**Work request:** Pictures should be left out while the data beneath this task is written out word for word.

**Collected material:**
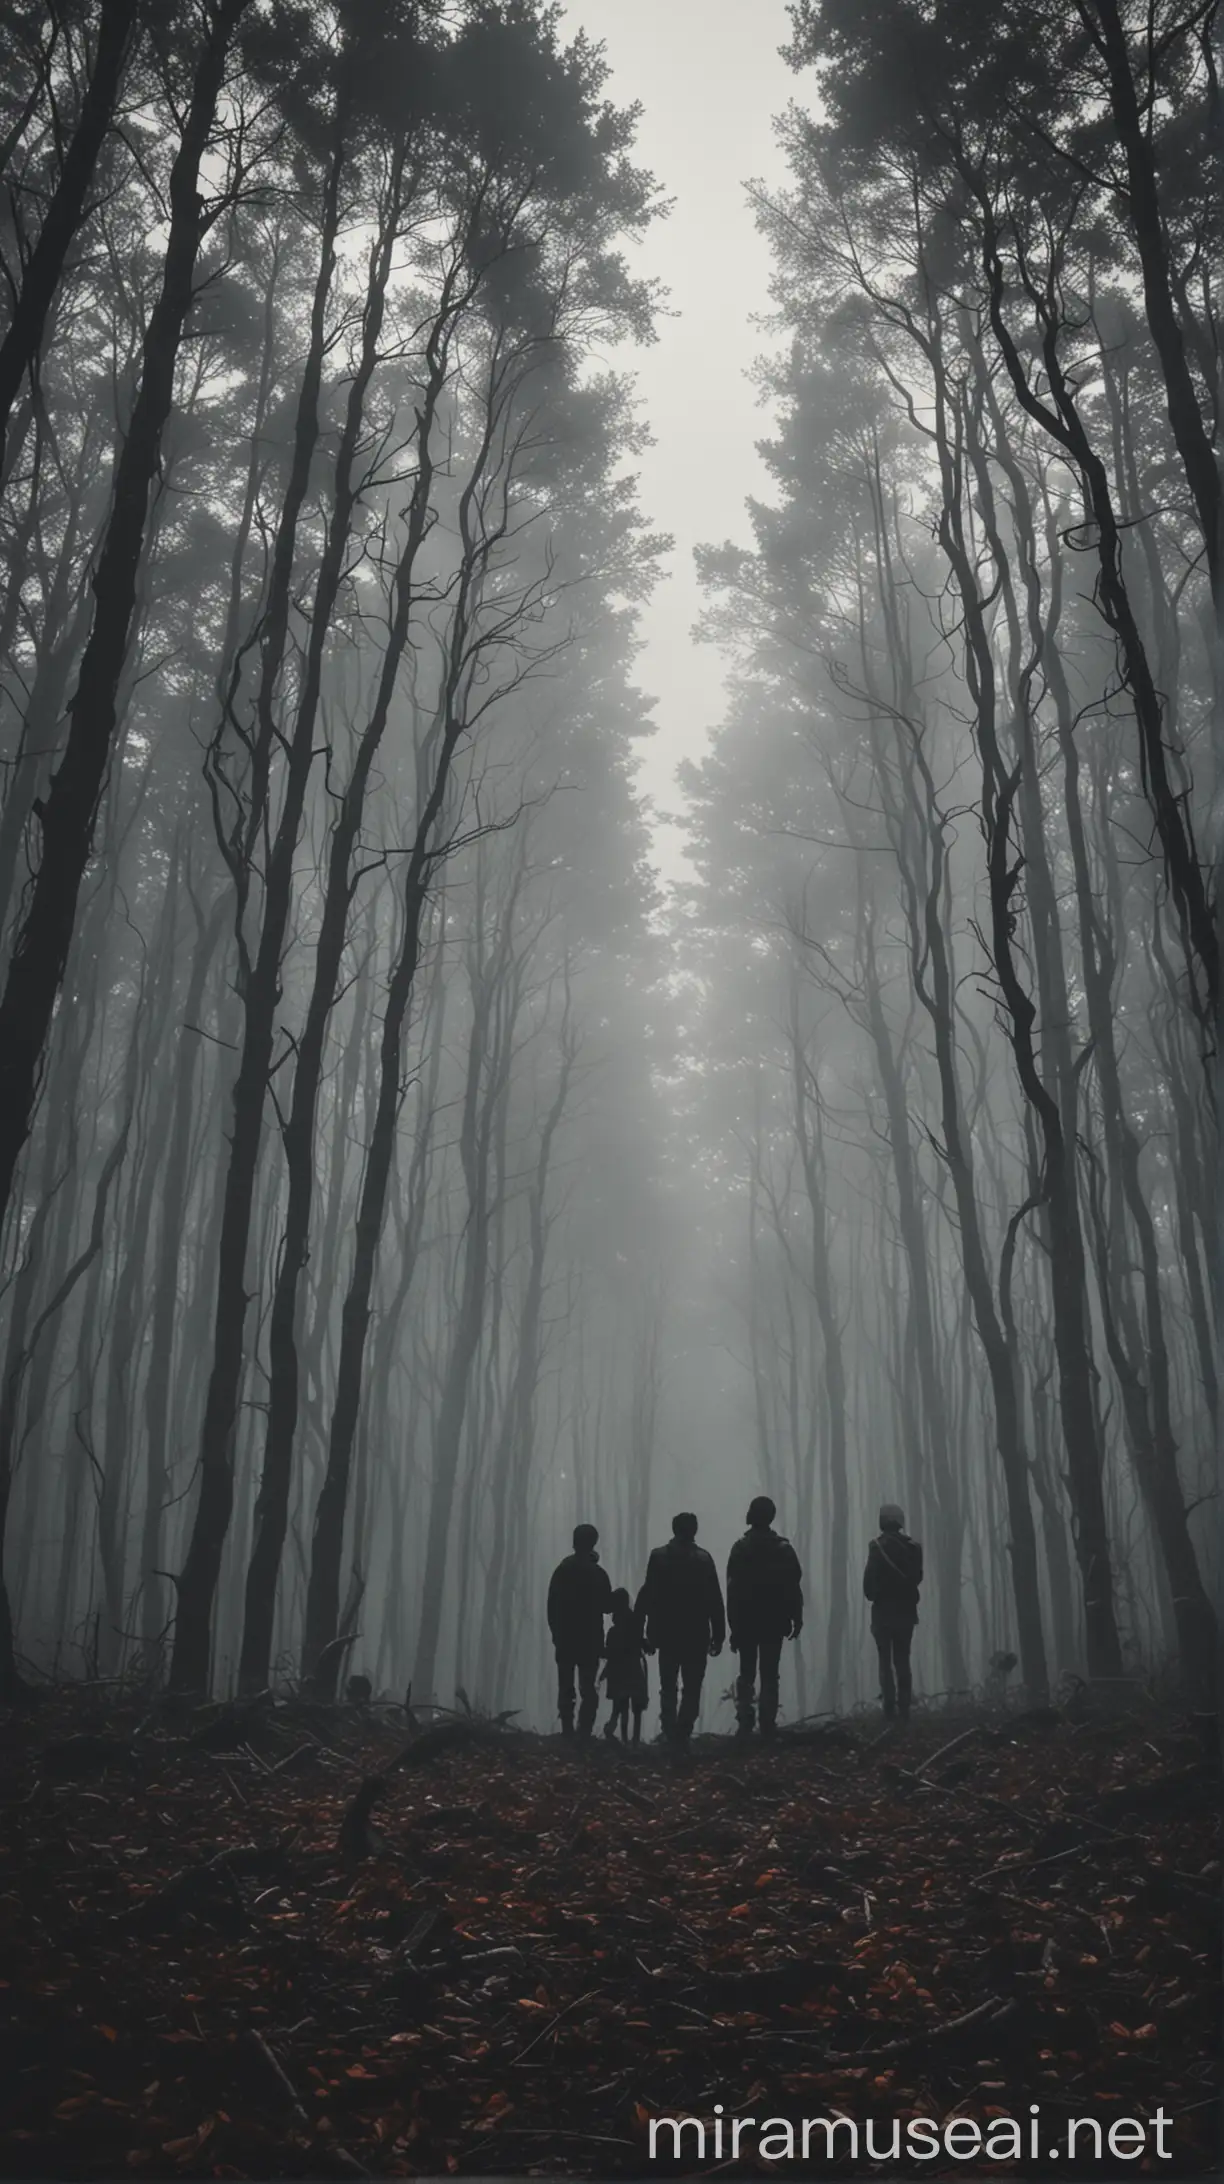 Silhouettes of People in Gloomy Forest
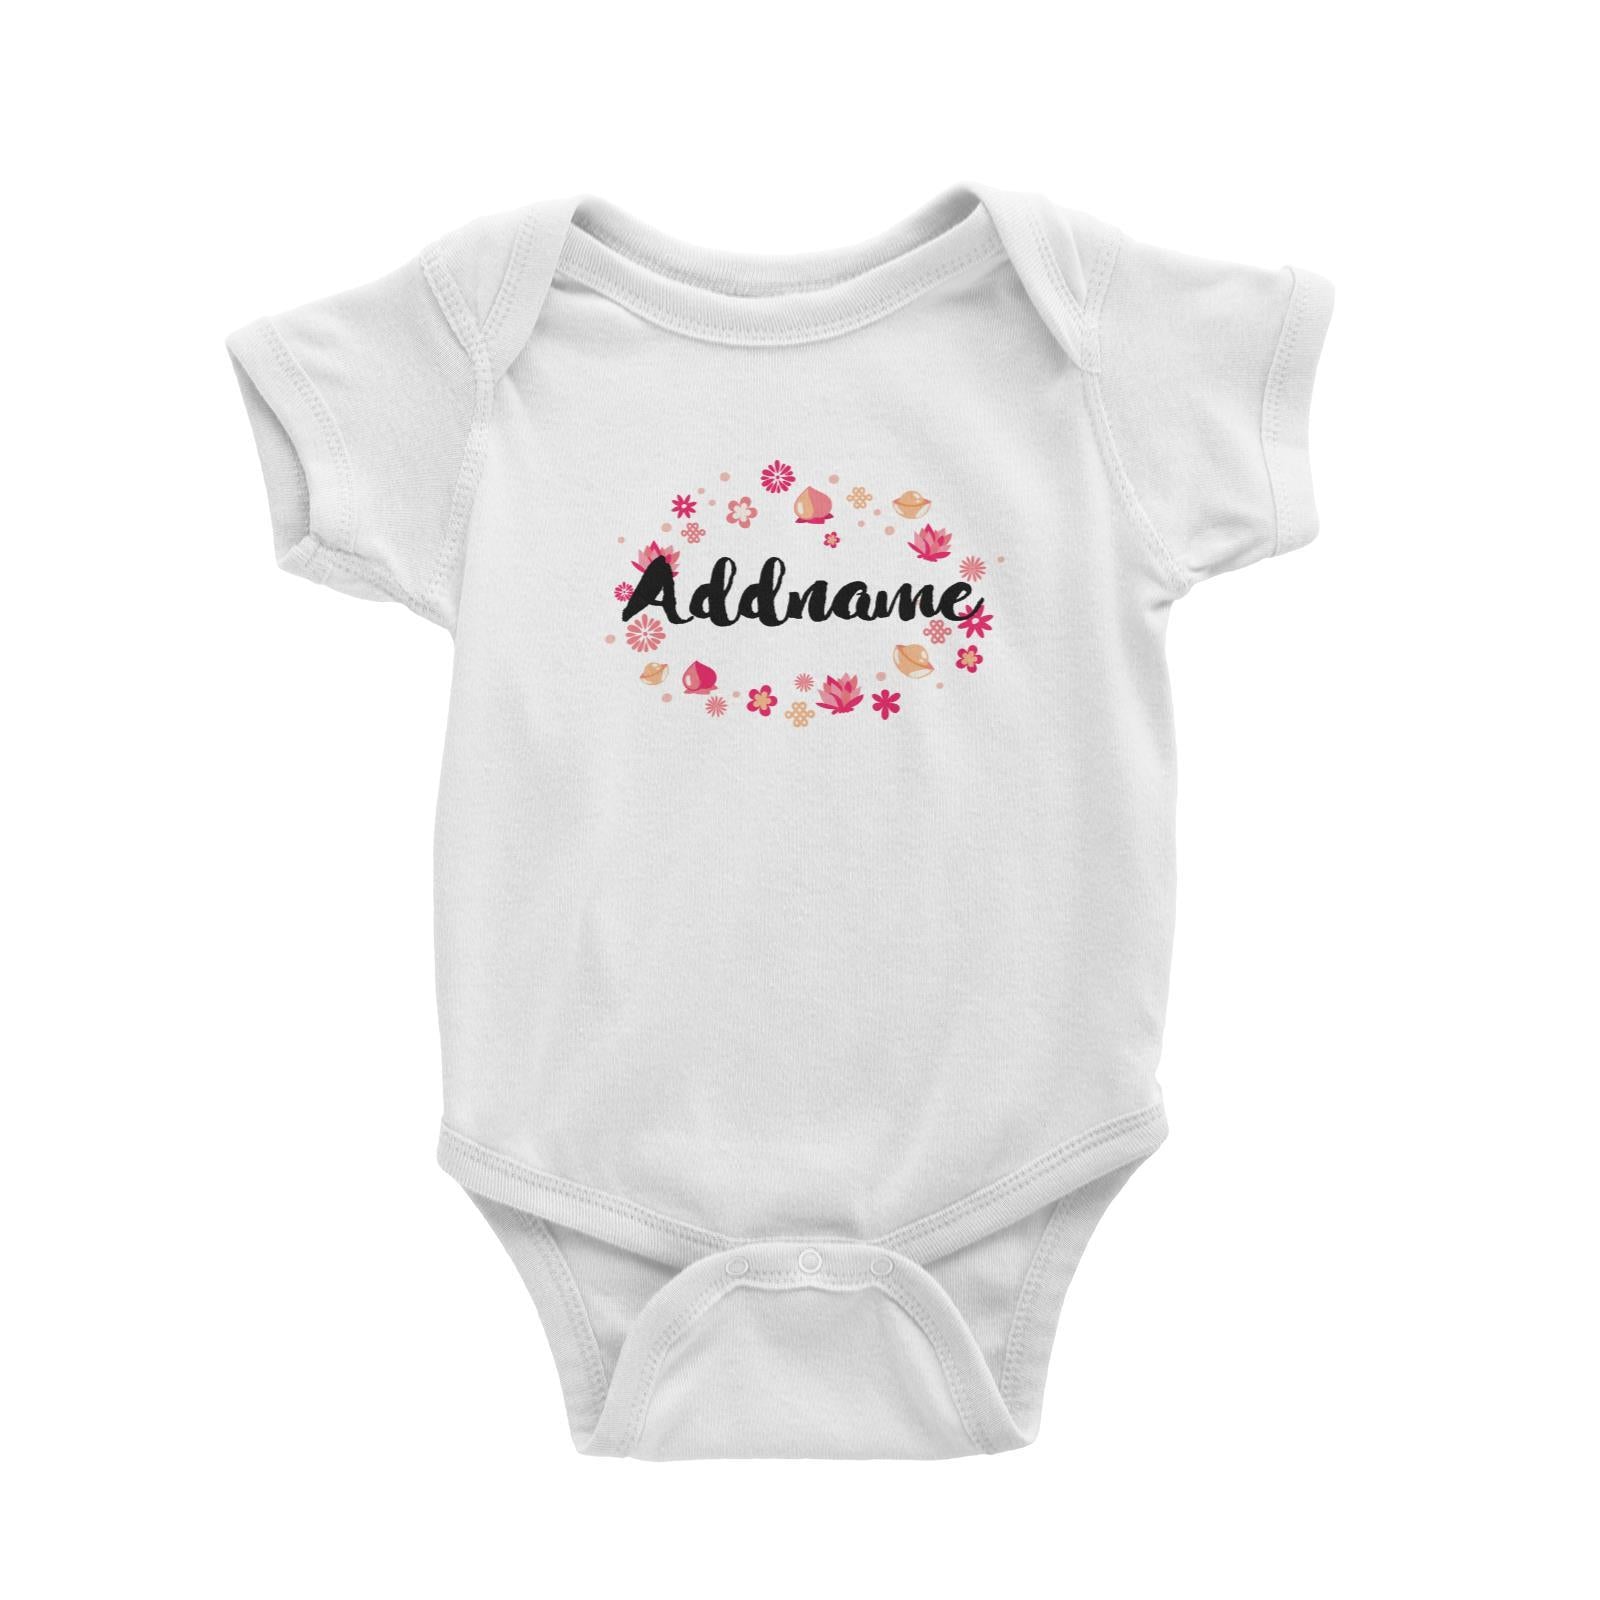 Chinese New Year Addname with Chinese New Year Elements Baby Romper Personalizable Designs CNY Elements
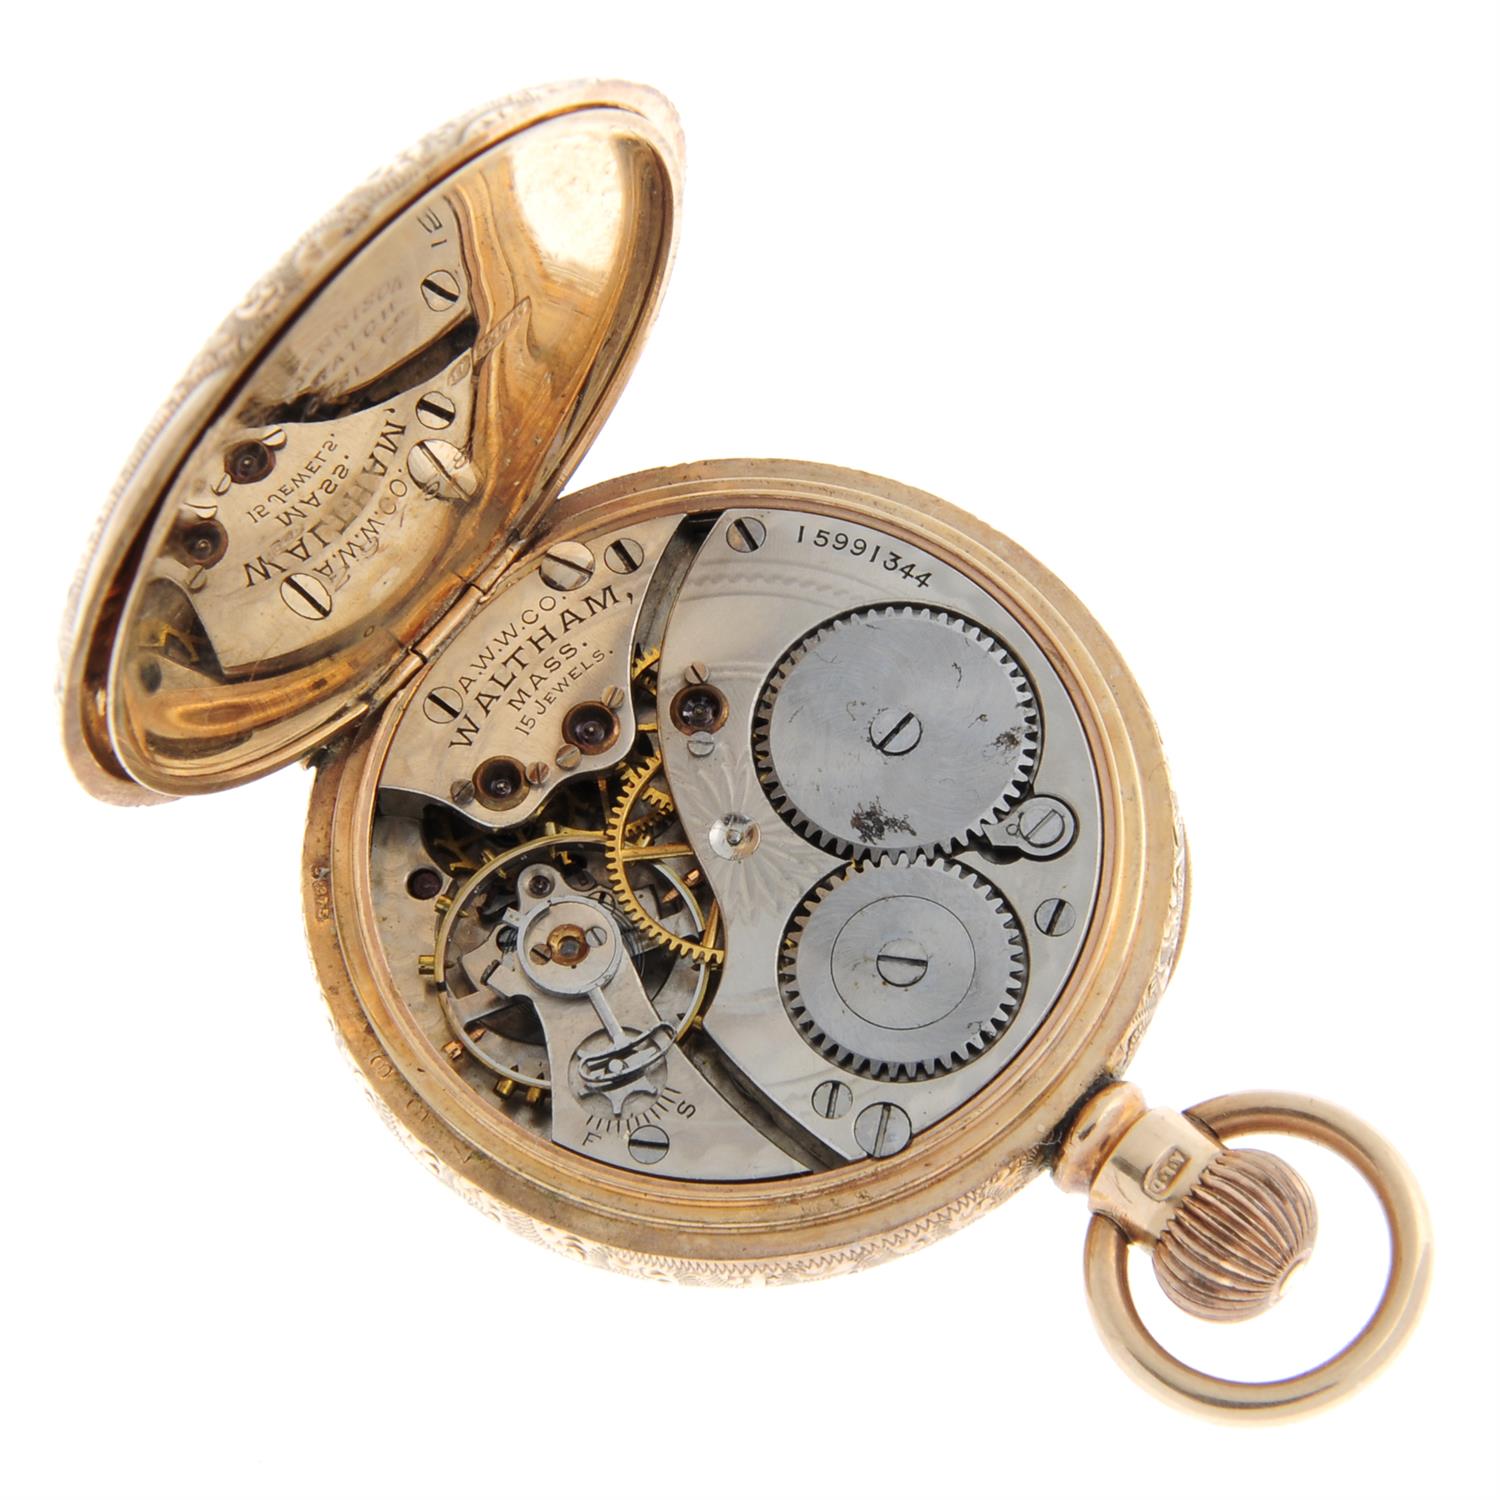 An open face pocket watch by Waltham, 33mm. - Image 3 of 3

**Worked solution:**
 Silhouettes of People in Gloomy Forest
 Chinese New Year Addname with Chinese New Year Elements Baby Romper Personalizable Designs CNY Elements
 An open face pocket watch by Waltham, 33mm. - Image 3 of 3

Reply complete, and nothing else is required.